ATOMIC bomb jokes broadcast on BBC quiz show QI have prompted an apology from the corporation after the Japanese embassy complained.

In an episode, screened before Christmas, panellists joked about the experience of Mitsubishi employee Tsutomu Yamaguchi, who survived both atom bomb strikes towards the end of the Second World War.

Presenter Stephen Fry described Yamaguchi, who was badly burned in the bombing of Hiroshima on 6 August, 1945, and was in Nagasaki when it was bombed three days later, as "the unluckiest man in the world".

Around 200,000 Japanese people are estimated to have been killed in the bombings and Yamaguchi, who died last year at the age of 93, is the only person officially recognised by the Japanese government as having survived both.

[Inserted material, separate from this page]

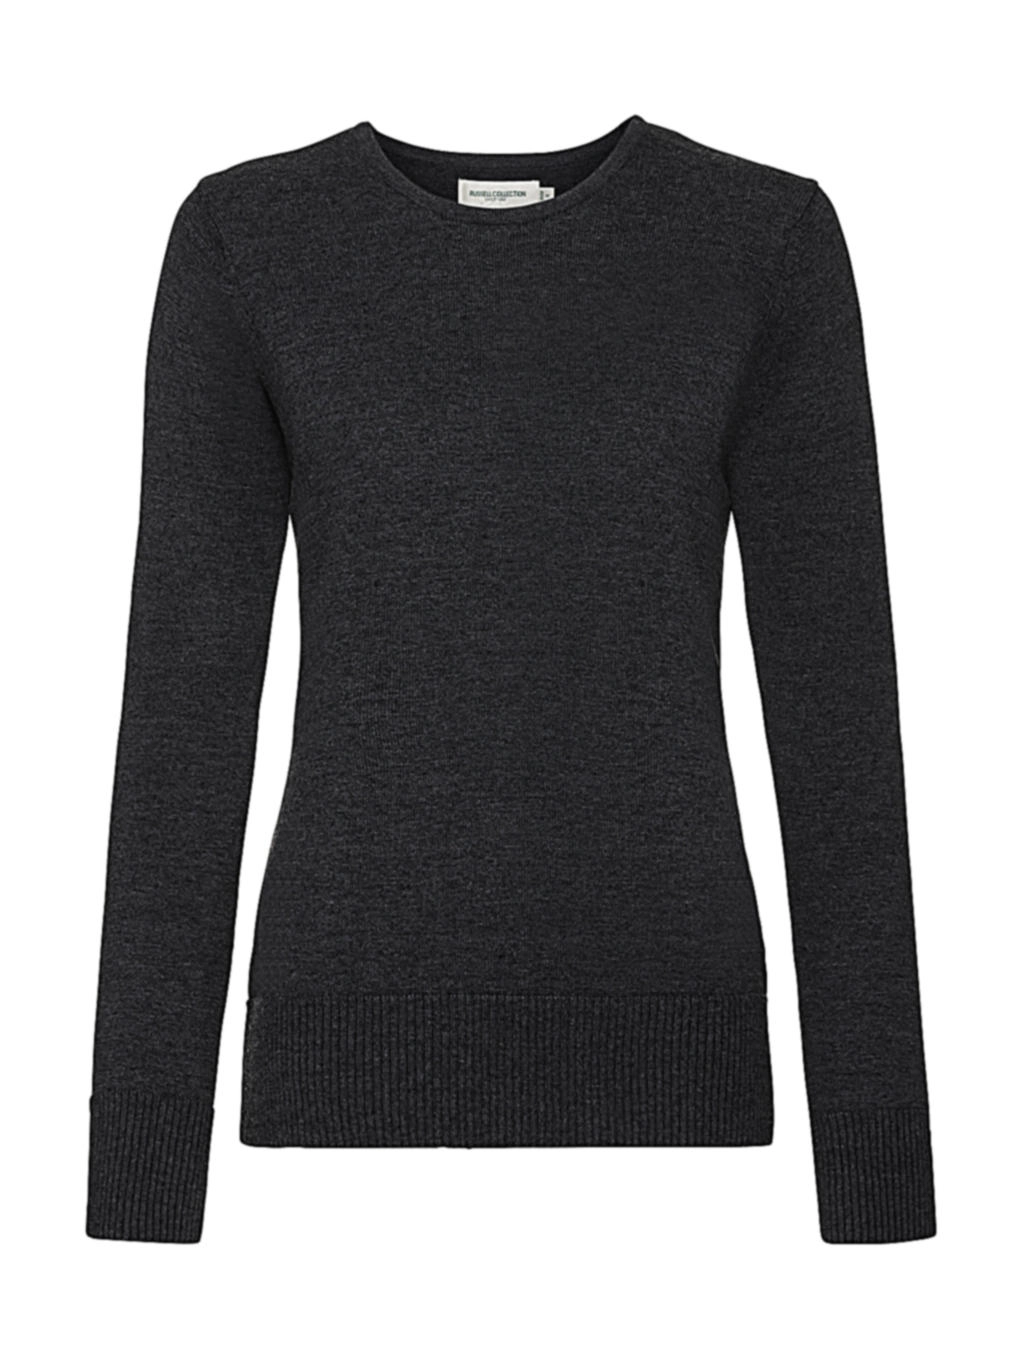 Ladies` Crew Neck Knitted Pullover zum Besticken und Bedrucken in der Farbe Charcoal Marl mit Ihren Logo, Schriftzug oder Motiv.

He was in Hiroshima on a business trip when the first US bomb struck, leaving him with serious burns. The following day he returned by train to his home city of Nagasaki, which was bombed on 9 August.

In the episode, Fry asked panellists: "Now what is so lucky about the unluckiest man in the world?"

Comedian Alan Davies, guessing Yamaguchi's link to Hiroshima, said: "Bomb landed on him and bounced off?"

Panellist Rob Brydon added: "Is the glass half empty, is it half full? Either way it's radioactive. So don't drink it."

Japanese viewers who took offence at the quips reportedly contacted diplomatic staff in London and e-mailed the show.

The BBC said it received a letter from the Japanese embassy and would reply "shortly". "We are sorry for any offence caused," a spokesman added.